Brady tells Lew oil fee stands no chance in Congress

House Ways and Means Committee Chairman Kevin Brady (R-Texas) on Thursday told a top Obama administration official not to bother trying to sell Congress on a proposed oil-barrel fee.

“Don’t spend too much time on it, it is going nowhere fast,” Brady told Treasury Secretary Jack Lew on Thursday.

{mosads}Lew told the Ways and Means Committee that he is prepared to work with Congress on how to move forward on the $10.25 per barrel tax proposed in President Obama’s fiscal 2017 budget that would raise money to fund infrastructure projects. 

With the price of oil dropping, Lew said “this is the perfect time to have a conversation like this.”

Lew said that the fee would be phased in at $2 a year per barrel over five years.

Brady called the plan “absurd,” saying that the fee would have “ripple effects across the economy, spiraling into an effectively regressive tax on consumer goods and services, which would hit Americans with fixed incomes the hardest, especially our senior citizens.”

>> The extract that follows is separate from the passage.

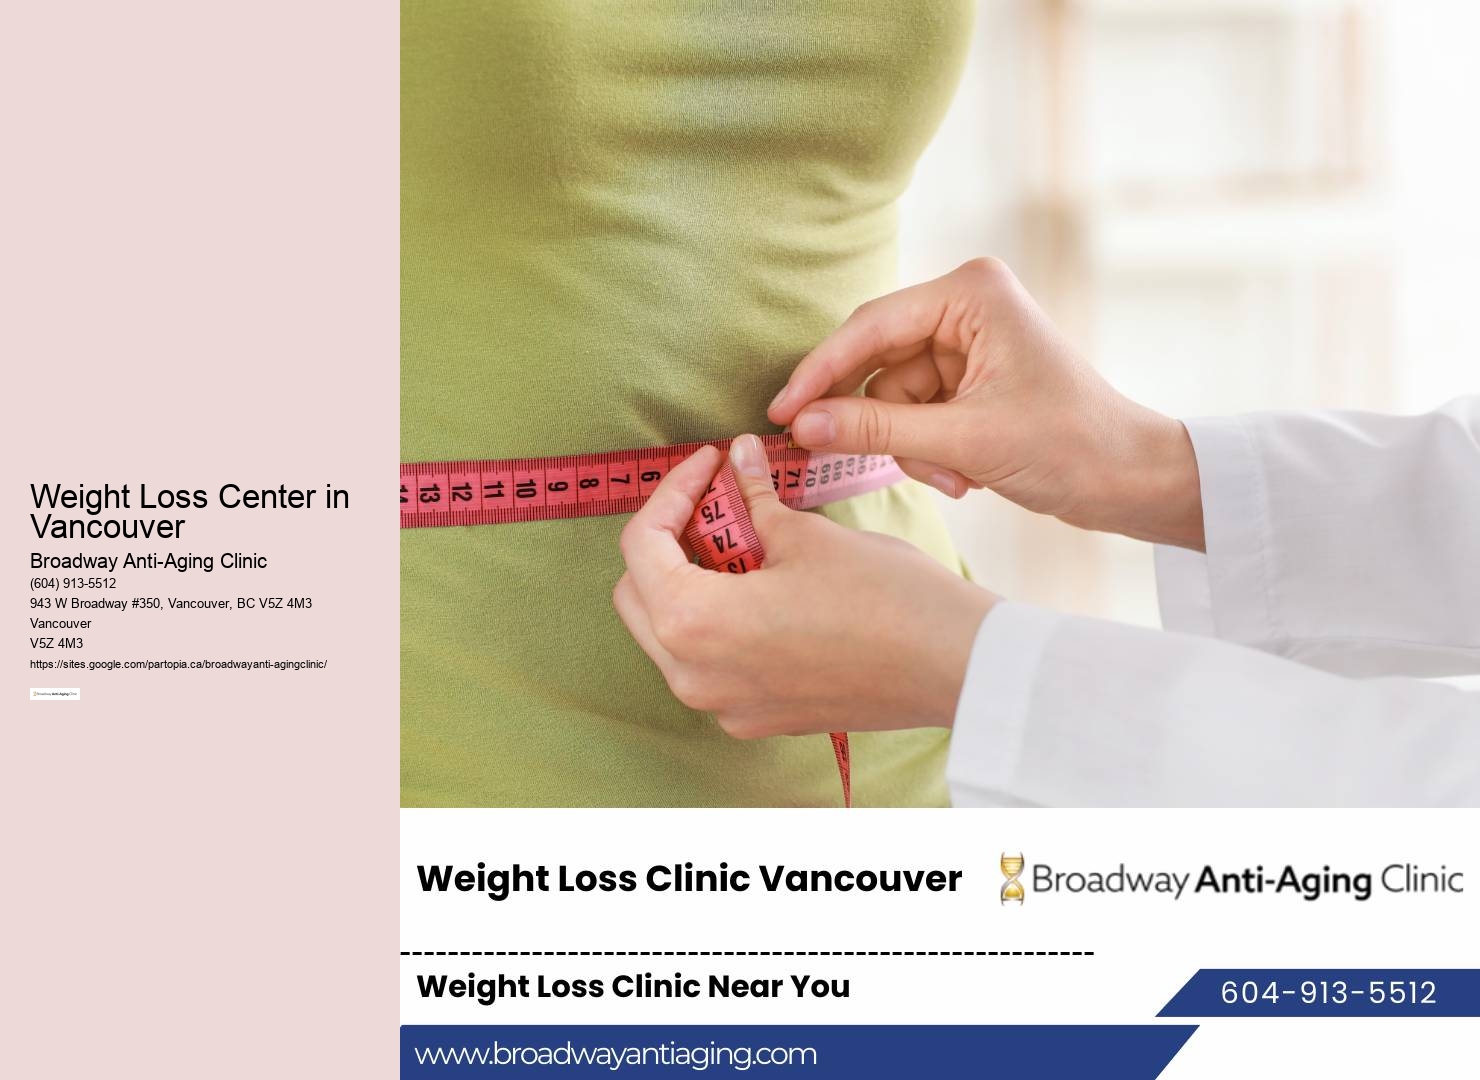 Budget-friendly Medical Weight Loss Clinic Prices

“The good news is that the American people do not have to worry about this horrible idea,” Brady said.

“I feel confident that I can speak for the 24 Republican members of our committee when I say that this tax proposal is dead on arrival.”

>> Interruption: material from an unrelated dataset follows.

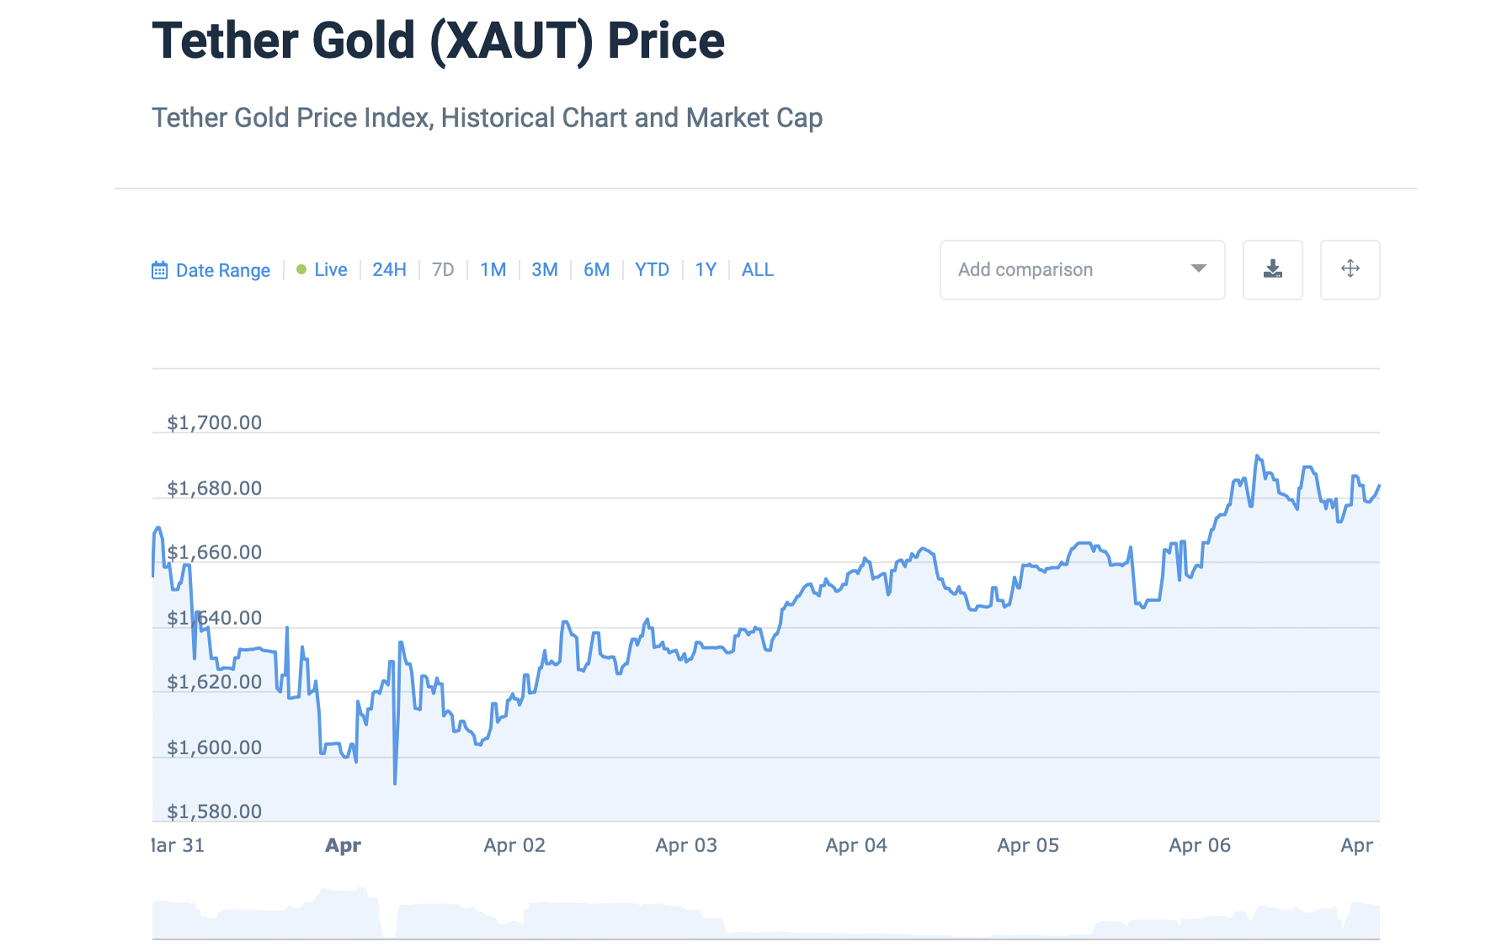 5% Over Spot: Gold-Backed Tokens Tether Gold and Digix Sell for Higher Premiums

Rep. Charles Boustany (R-La.) said he “condemned” the oil tax as “the wrong diagnosis and the wrong prescription.”

“It will make us less competitive and the consumer will pay the price at the end of the day,” Boustany told Lew.

But the Republican-controlled Congress rejected the proposal even before the president’s budget blueprint hit Capitol Hill on Tuesday.

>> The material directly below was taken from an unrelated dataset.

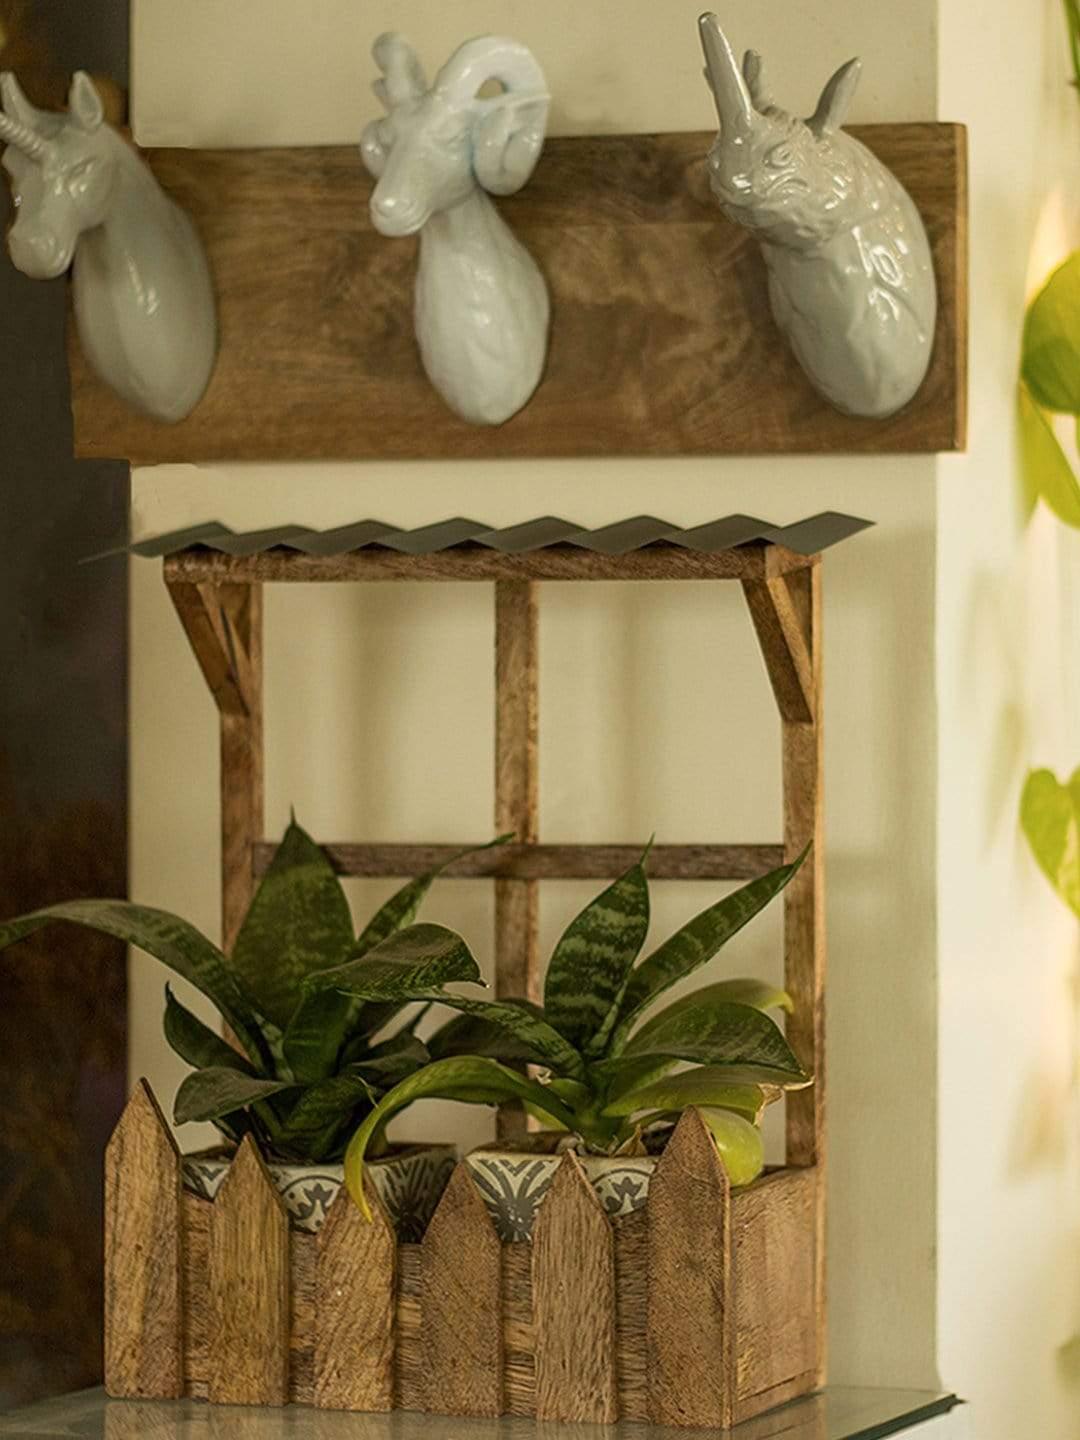 Wooden Hut Planter Holder - The Wishing Chair

On Feb. 4, Speaker Paul Ryan (R-Wis.) said the fee shows that “once again, the president expects hardworking consumers to pay for his out of touch climate agenda.”

“A $10 tax for every barrel of oil produced would raise energy prices — hurting poor Americans the most,” Ryan said in a statement.

Prices fell below $27 for a barrel of oil on Thursday. The slump is reverberating worldwide, weighing on the U.S. and other leading global economies.

The drop has pushed down gas prices to $1.80 per gallon, the lowest level in the United States since January 2009, which is when Obama took office. 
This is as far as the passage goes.